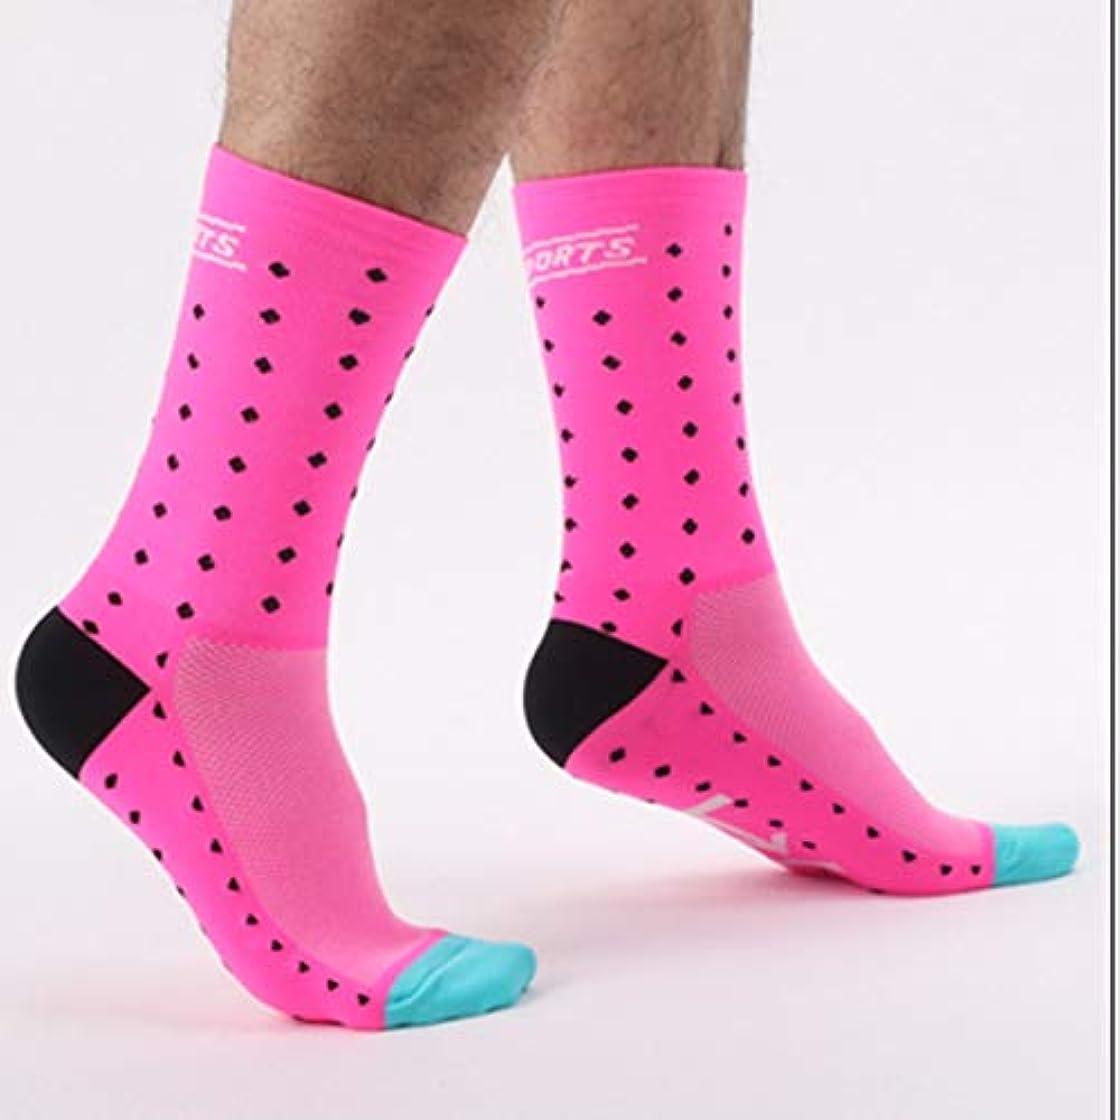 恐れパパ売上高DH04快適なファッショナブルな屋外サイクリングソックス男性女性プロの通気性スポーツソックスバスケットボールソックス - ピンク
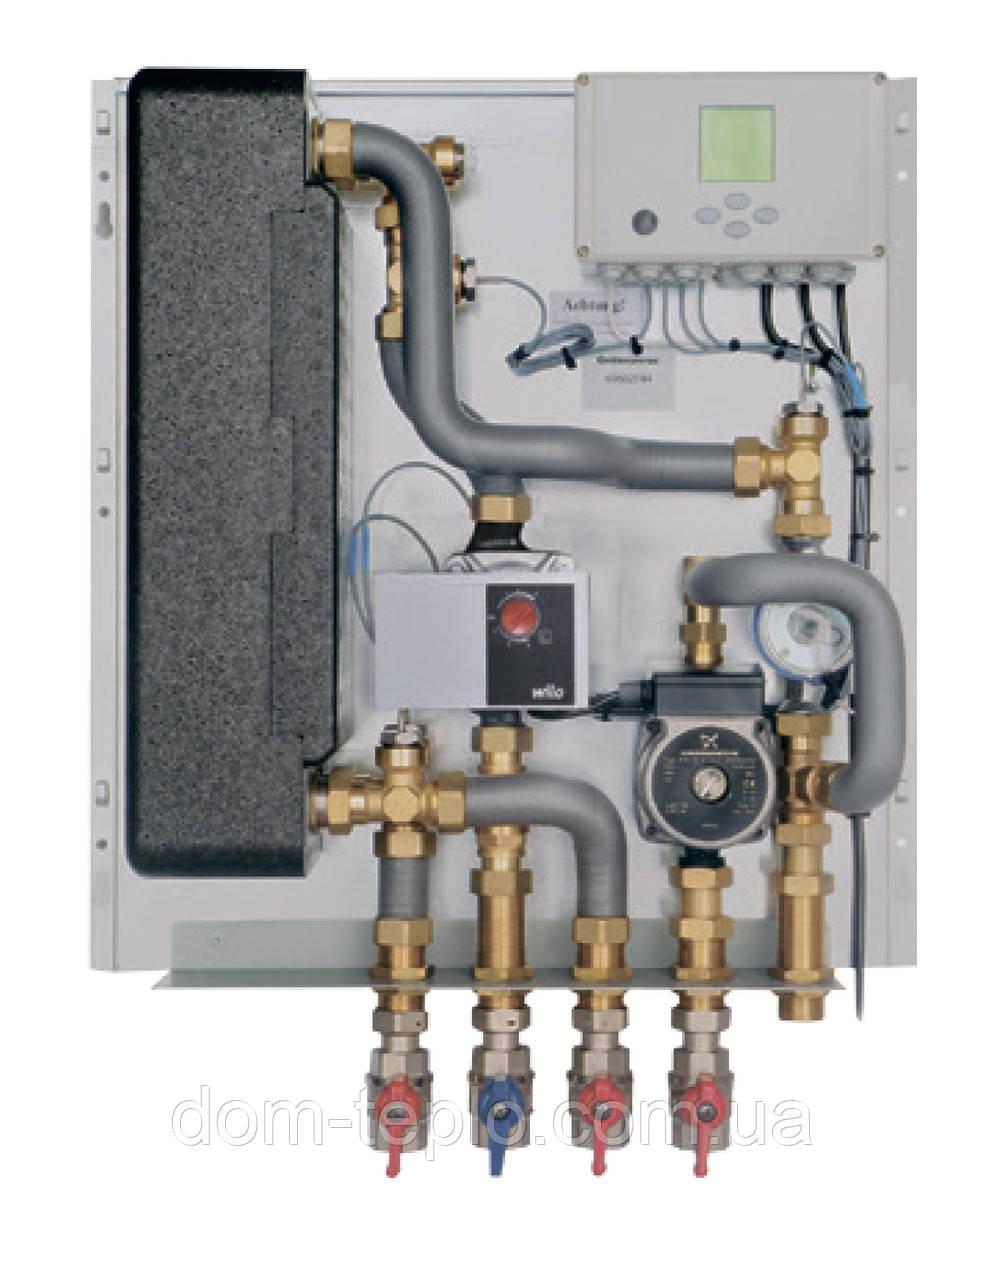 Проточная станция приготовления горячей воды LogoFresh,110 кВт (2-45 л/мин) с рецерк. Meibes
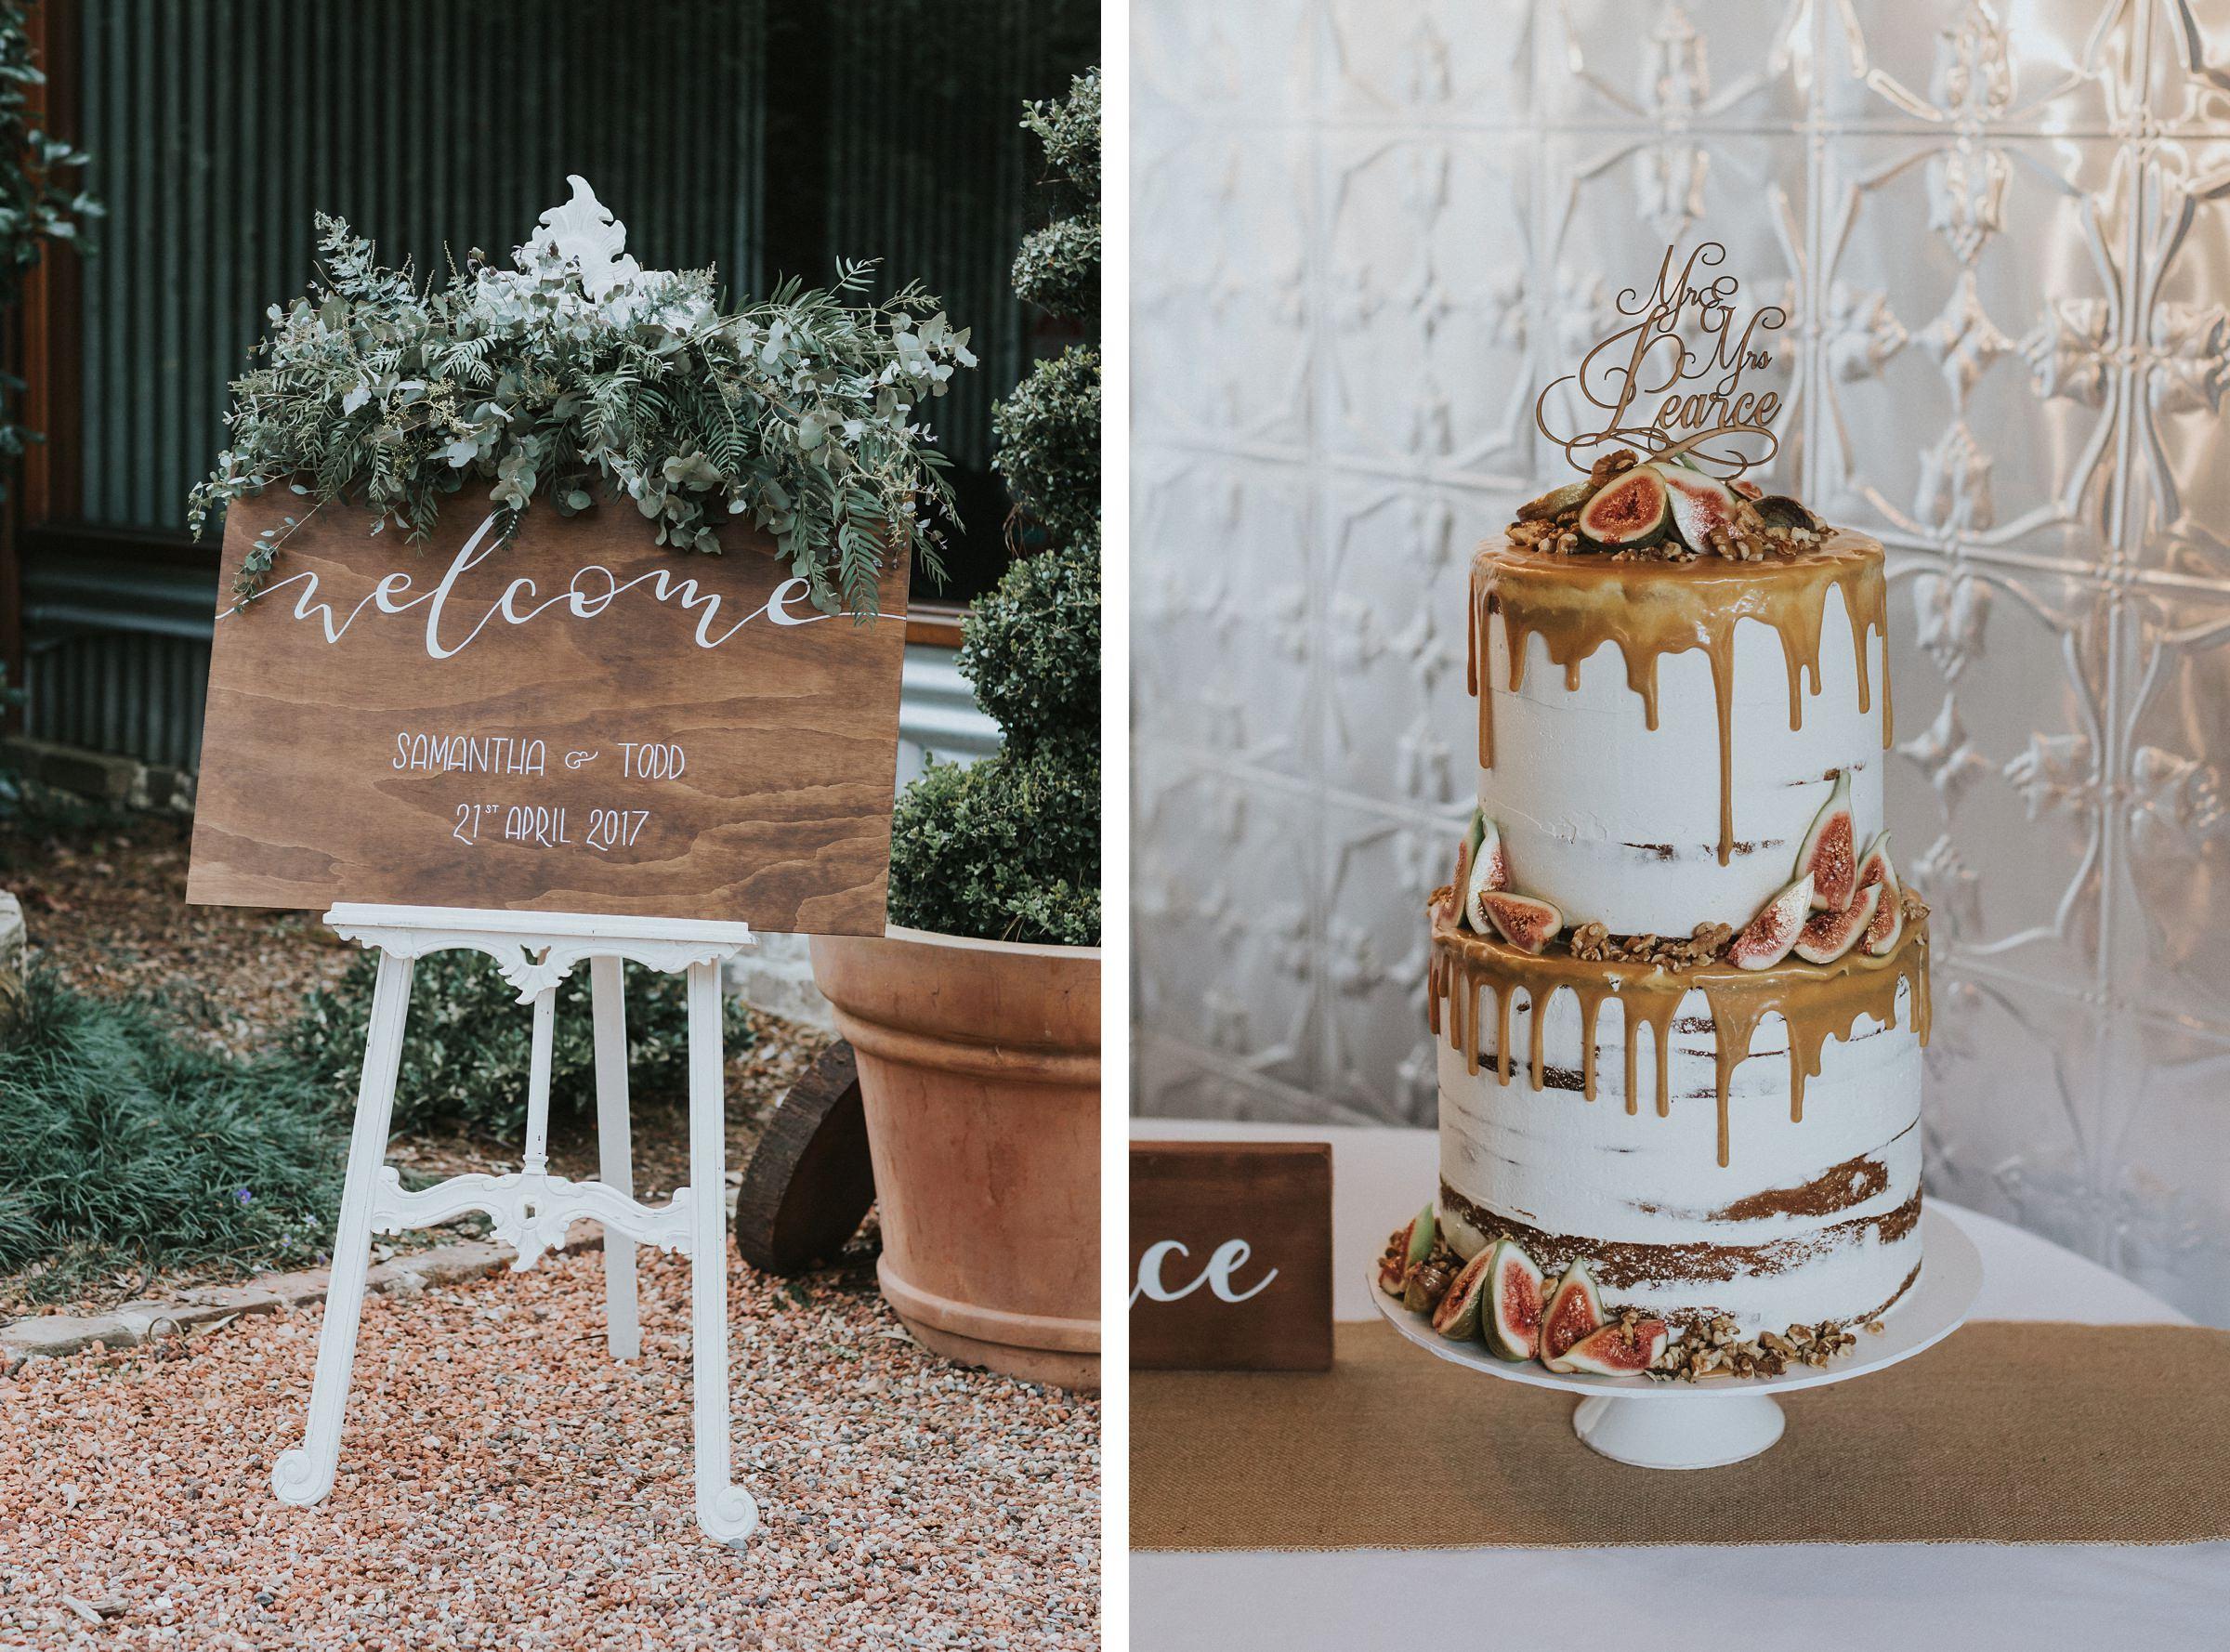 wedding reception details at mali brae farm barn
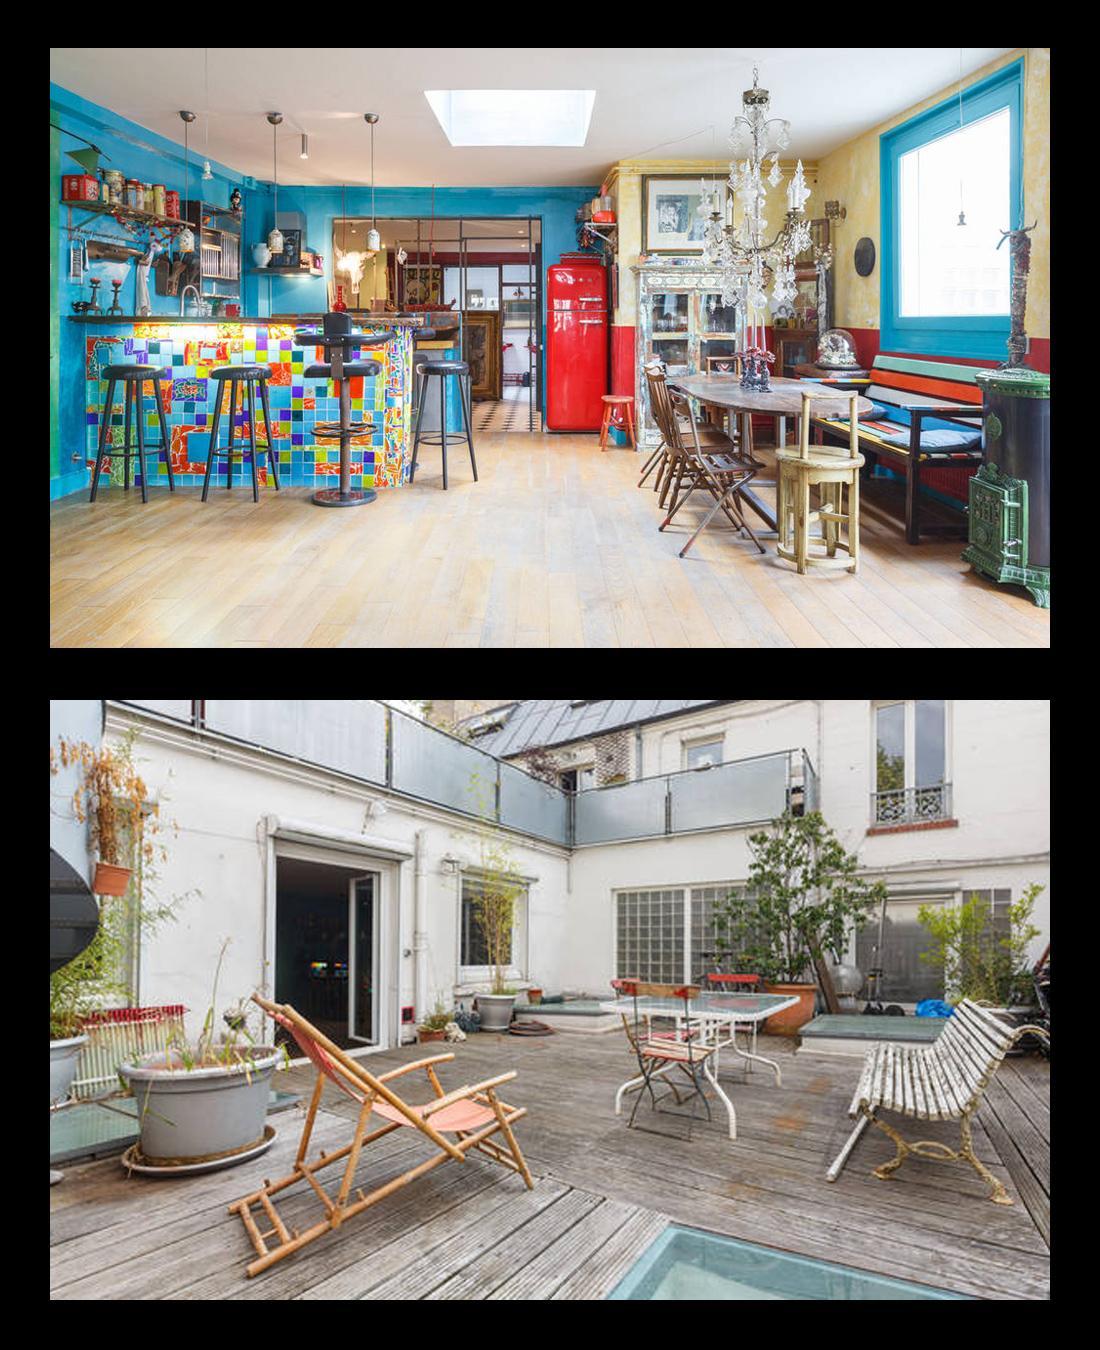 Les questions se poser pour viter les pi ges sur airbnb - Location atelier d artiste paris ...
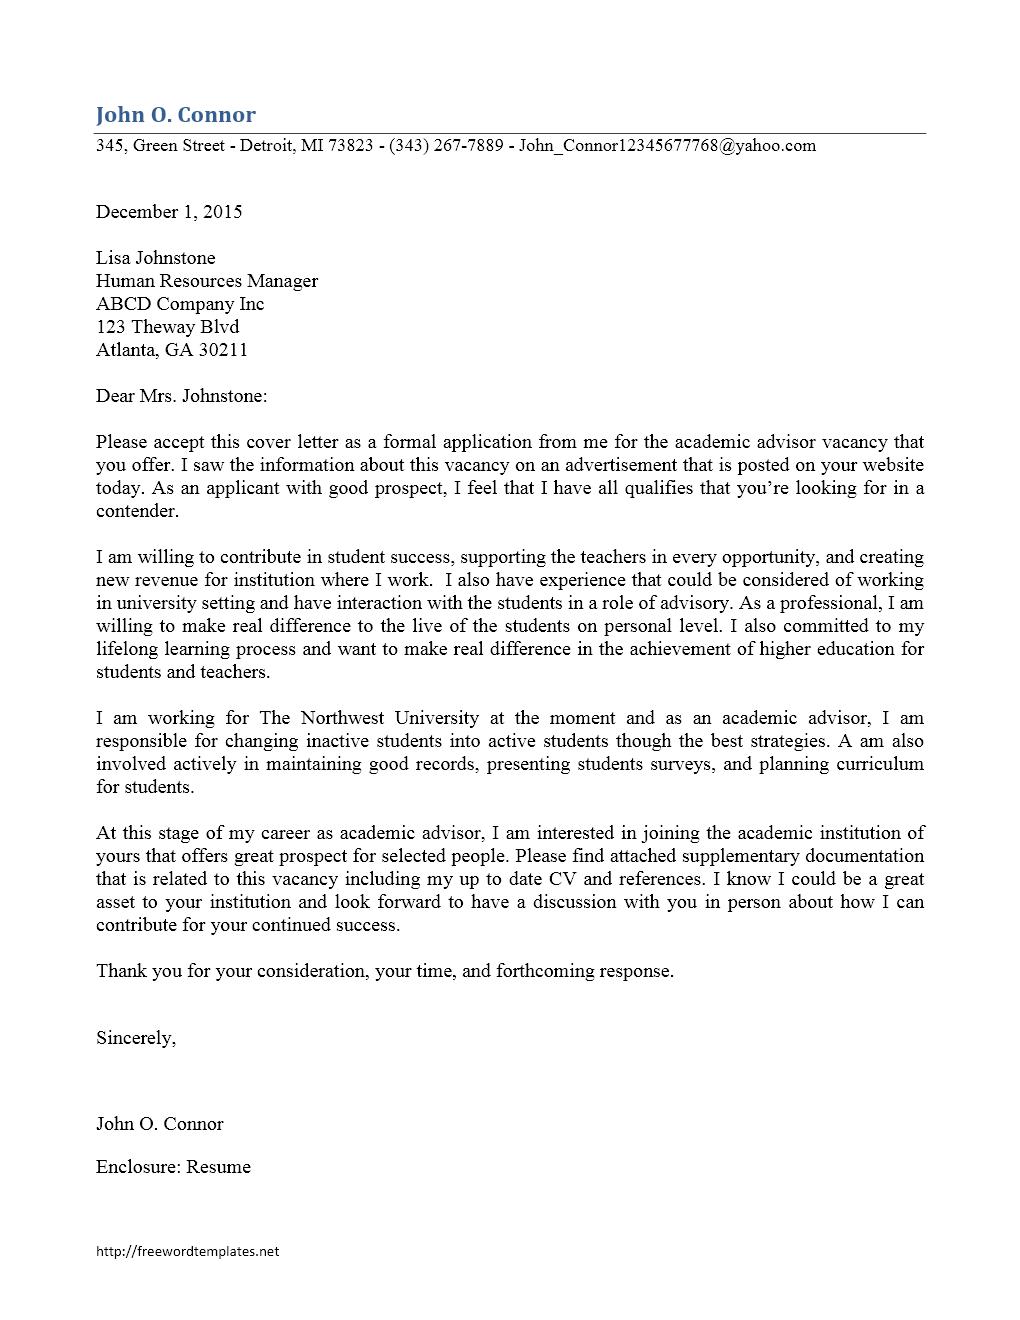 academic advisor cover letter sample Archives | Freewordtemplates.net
·····
> _Activity_
Although the records include pictures, output only their text, exactly and completely.

> _Output of the task_
 恐れパパ売上高DH04快適なファッショナブルな屋外サイクリングソックス男性女性プロの通気性スポーツソックスバスケットボールソックス - ピンク
 Проточная станция приготовления горячей воды LogoFresh,110 кВт (2-45 л/мин) с рецерк. Meibes
 wedding reception details at mali brae farm barn
 Les questions se poser pour viter les pi ges sur airbnb - Location atelier d artiste paris ...
 academic advisor cover letter sample Archives | Freewordtemplates.net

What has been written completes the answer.